Faire la queue pour manger ou pour se cultiver ne me semble pas être une avancée particulièrement significative de la condition humaine. Sur le chemin du retour, je pestais contre mon incroyable naïveté et méditais sur les vertus de la discrétion. Des placards de bus aux « unes » des kiosques à journaux, tout sur mon parcours, me ramenait à ce cuisant échec. Je ne verrai donc jamais cette rousse en robe rouge, lascive et provocante, accoudée à un comptoir, peinte par l’artiste américain en 1942 dans Nighthawks. En descendant le boulevard Saint-Germain, je ne faisais même plus attention aux innombrables boutiques de fringues, de gadgets high-tech et de mobilier de cuisine, comme si les bourgeois du 7e ne pensaient plus qu’à s’habiller, à regarder la télé et à bouffer ! Triste constat dans ce quartier jadis chéri des intellectuels qui, à sa seule évocation, faisait chavirer d’émotion les étudiants de Brazzaville ou de Prague. L’imaginaire existentialiste a été remplacé par la mode automne-hiver 2013. Dans ce temple de la consommation élitiste, je suis pourtant tombé sur un musée, une entrée d’immeuble presque banale. Pas d’affichage criard ni de messages racoleurs : juste un porche et, au fond, un bâtiment blanc.

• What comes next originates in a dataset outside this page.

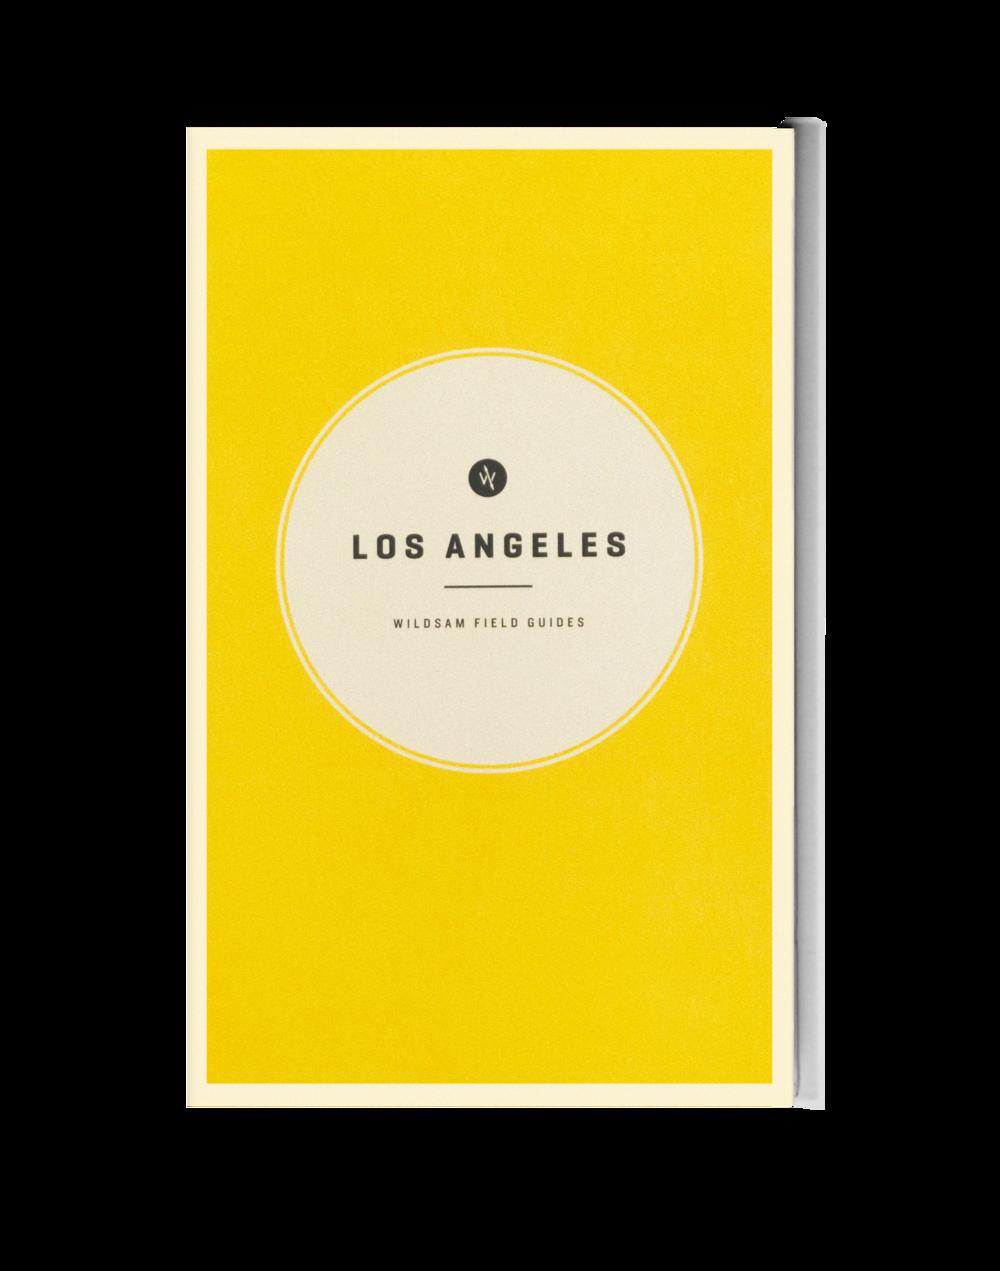 Wildsam-Los_Angeles_Guide-Flat.png
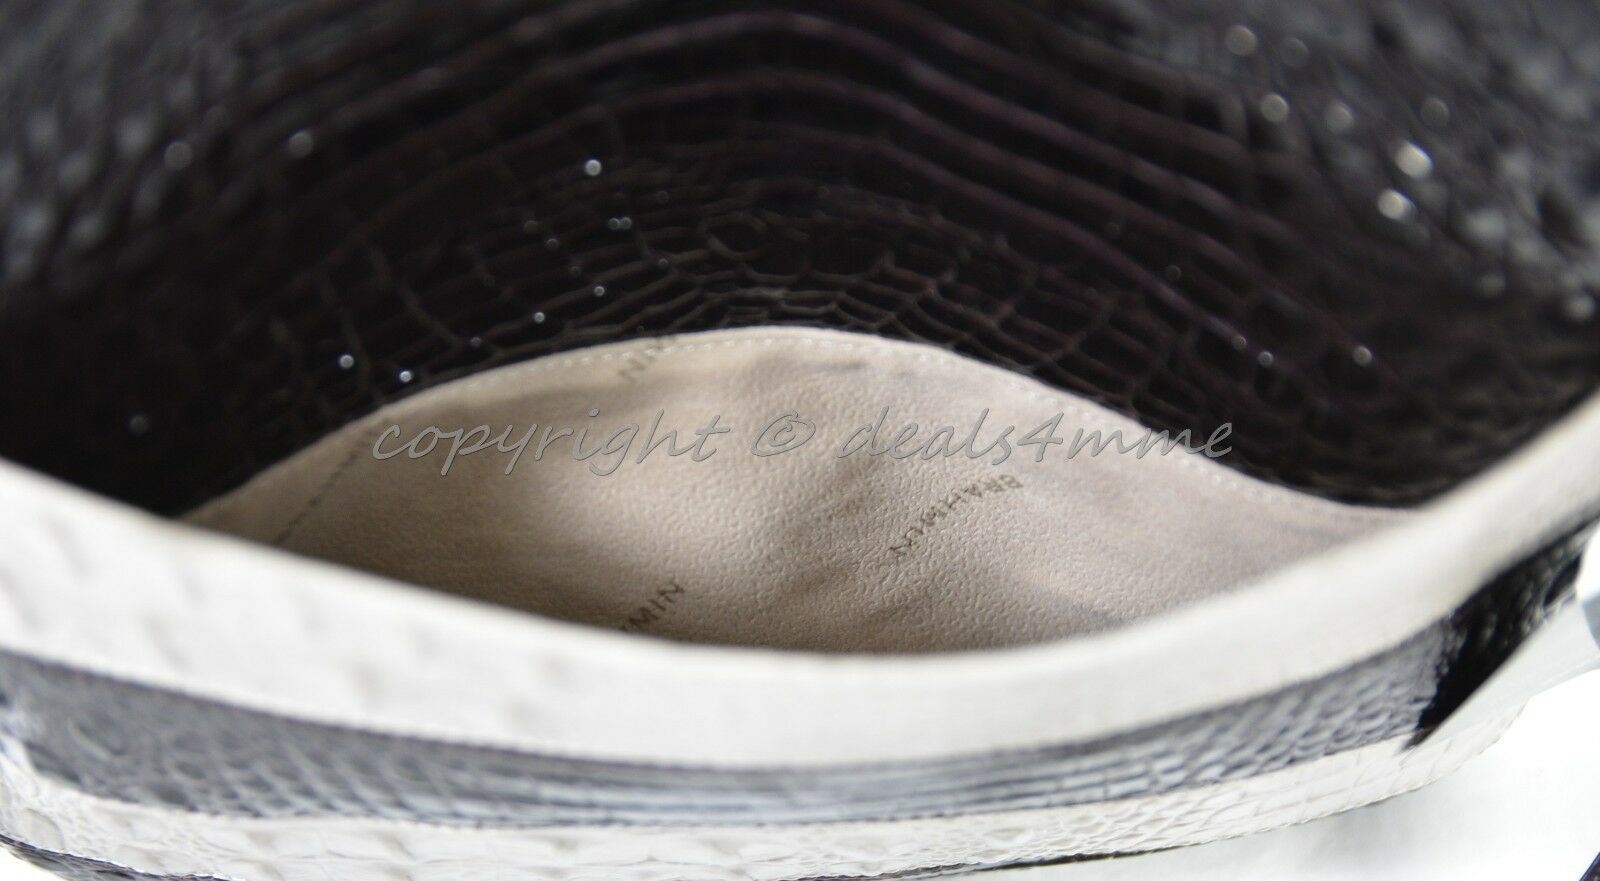 NWT Brahmin Jody Striped Cross-Body/Shoulder Bag in Angora Vineyard image 11

Le Musée des lettres et manuscrits ne joue pas les aguicheurs. Il ne tapine pas. Il se mérite. On y pénètre par inadvertance. On pousse la porte de cet immeuble de standing entièrement rénové en se demandant bien ce que l’on va y trouver. Au rez-de-chaussée, l’exposition temporaire est consacrée à six siècles d’art du livre, de l’incunable au livre d’artiste. On est séduit par la clarté des vitrines et leur volonté pédagogique, au bon sens du terme. Les commentaires sont sobres : on n’emploie pas ici le sabir universitaire, pédant et obscur. On fait connaissance avec d’admirables livres d’heures du XVe siècle ou ce somptueux livre de fêtes qui comprend 20 planches gravées et porte un nom tout aussi féérique : Les plaisirs de l’isle enchantée, ou les festes et divertissements du Roy à Versailles de l’année 1664. Ce livre reproduit les grandes fêtes données par Louis XIV en l’honneur d’Anne d’Autriche et de la reine Marie-Thérèse… « En réalité [il est] dédié à Mlle de La Vallière, maîtresse du roi », comme le précise la notice. On tombe sous le charme d’une bibliothèque portative de voyageur datant de 1802-1812 qui contient un ensemble de 20 volumes de format in-24 dans une boîte bibliothèque à deux étages de format in-4.

À l’intérieur, Voltaire, Lesage, Racine, Bossuet, Saint-Réal, Boileau et Gresset. Cette mise en bouche se poursuit au sous-sol où sont exposées des centaines de lettres et manuscrits autographes. Pour les amateurs d’écrits rares, c’est le Panthéon, la Pléiade, l’Opéra de Paris et la Cité des sciences réunis sur papier bible. On appréciera la calligraphie élégante de Giono, extrêmement lisible, ou celle plus aérienne, plus espacée, plus rythmée (trois mots seulement par ligne) de Céline, dans une lettre de 1948 envoyée du Danemark. Et que dire de celle de Sartre sur un manuscrit autographe de 1945-1946 ? L’expression d’un bon élève, trop scolaire certainement… En revanche, celle de Claudel, dans un document de 1924, est d’un classicisme gothique, voire mystique.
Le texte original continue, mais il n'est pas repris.